Yes, this study describes the standalone performance of the Pasco MIC and MIC/ID panels (with Sparfloxacin) in determining antimicrobial susceptibility. The performance metrics (Essential Agreement, Category Agreement, error rates) are inherent to the device's ability to produce results.

7. Type of Ground Truth Used

The ground truth was established by a "reference panel" and using "CDC challenge strains." This implies a reference method or gold standard test for antimicrobial susceptibility testing, which provides the true MIC values or category results against which the Pasco panel's performance is measured.

8. Sample Size for the Training Set

The document does not explicitly mention a "training set" or its sample size. This type of antimicrobial susceptibility device typically relies on established manufacturing procedures and analytical validation rather than a separate machine learning training phase. The "routine manufacturing procedures" and quality control (QC) processes ensure the consistency and accuracy of the pre-prepared panels.

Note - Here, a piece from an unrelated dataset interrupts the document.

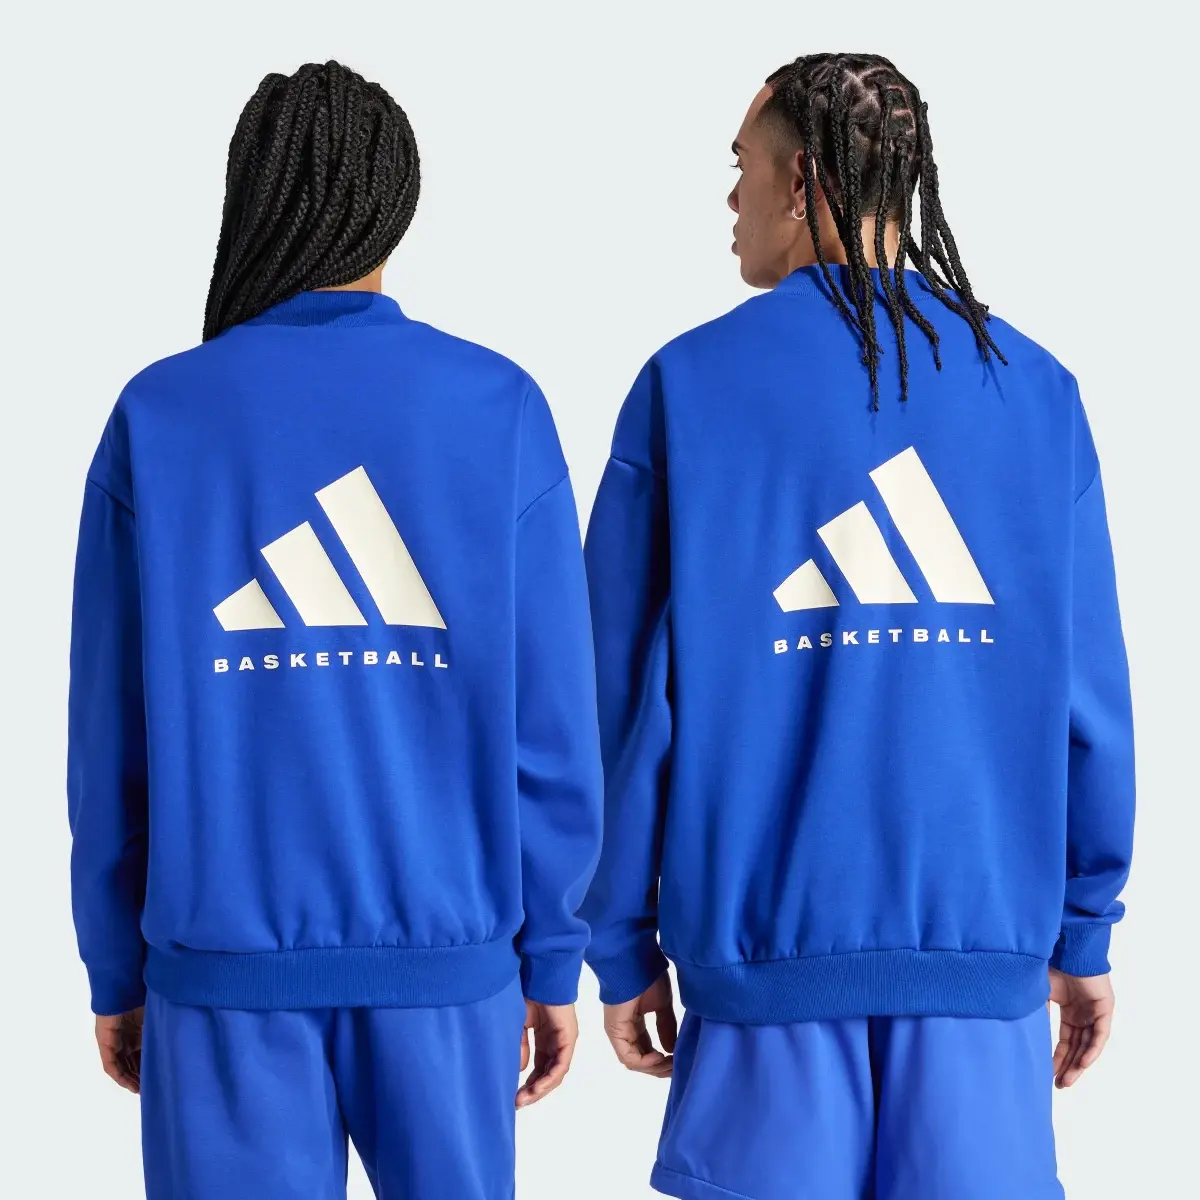 Adidas Basketball Crew Sweatshirt. 2

9. How Ground Truth for Training Set Was Established

As no specific "training set" or machine learning model is described, the concept of establishing ground truth for a training set is not applicable here. The device's underlying principles are based on microbiological growth inhibition and biochemical reactions, where the "ground truth" for developing and manufacturing the panels themselves likely stems from extensive historical microbiological data, reference methods, and quality control specifications (e.g., NCCLS standards).

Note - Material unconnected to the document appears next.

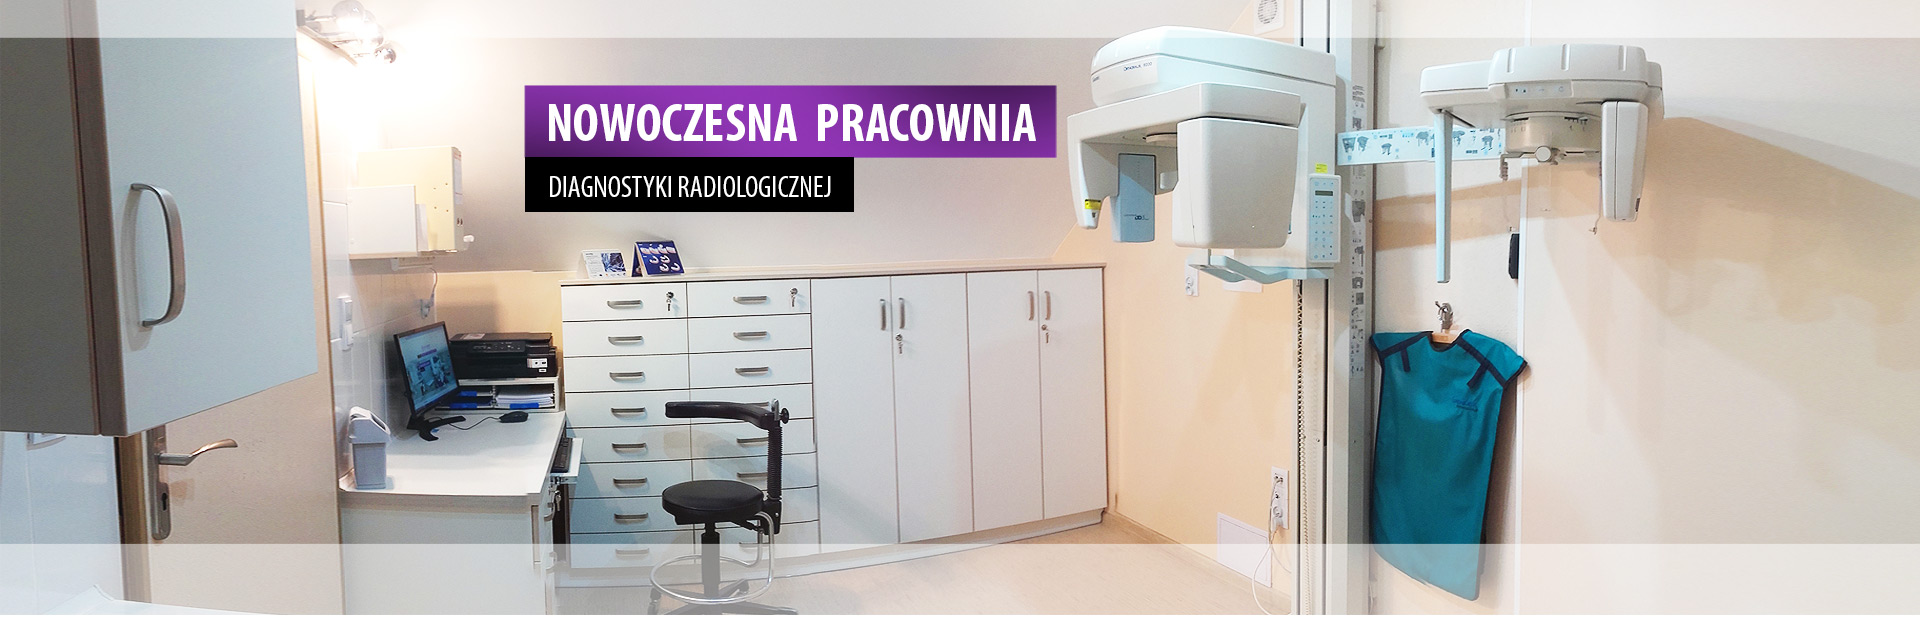 Nowoczesna pracownia diagnostyki radiologicznej w Szprotawie

§ 866.1620 Antimicrobial susceptibility test disc.

(a)
Identification. An antimicrobial susceptibility test disc is a device that consists of antimicrobic-impregnated paper discs used to measure by a disc-agar diffusion technique or a disc-broth elution technique the in vitro susceptibility of most clinically important bacterial pathogens to antimicrobial agents. In the disc-agar diffusion technique, bacterial susceptibility is ascertained by directly measuring the magnitude of a zone of bacterial inhibition around the disc on an agar surface. The disc-broth elution technique is associated with an automated rapid susceptibility test system and employs a fluid medium in which susceptibility is ascertained by photometrically measuring changes in bacterial growth resulting when antimicrobial material is eluted from the disc into the fluid medium. Test results are used to determine the antimicrobial agent of choice in the treatment of bacterial diseases.(b)
Classification. Class II (performance standards).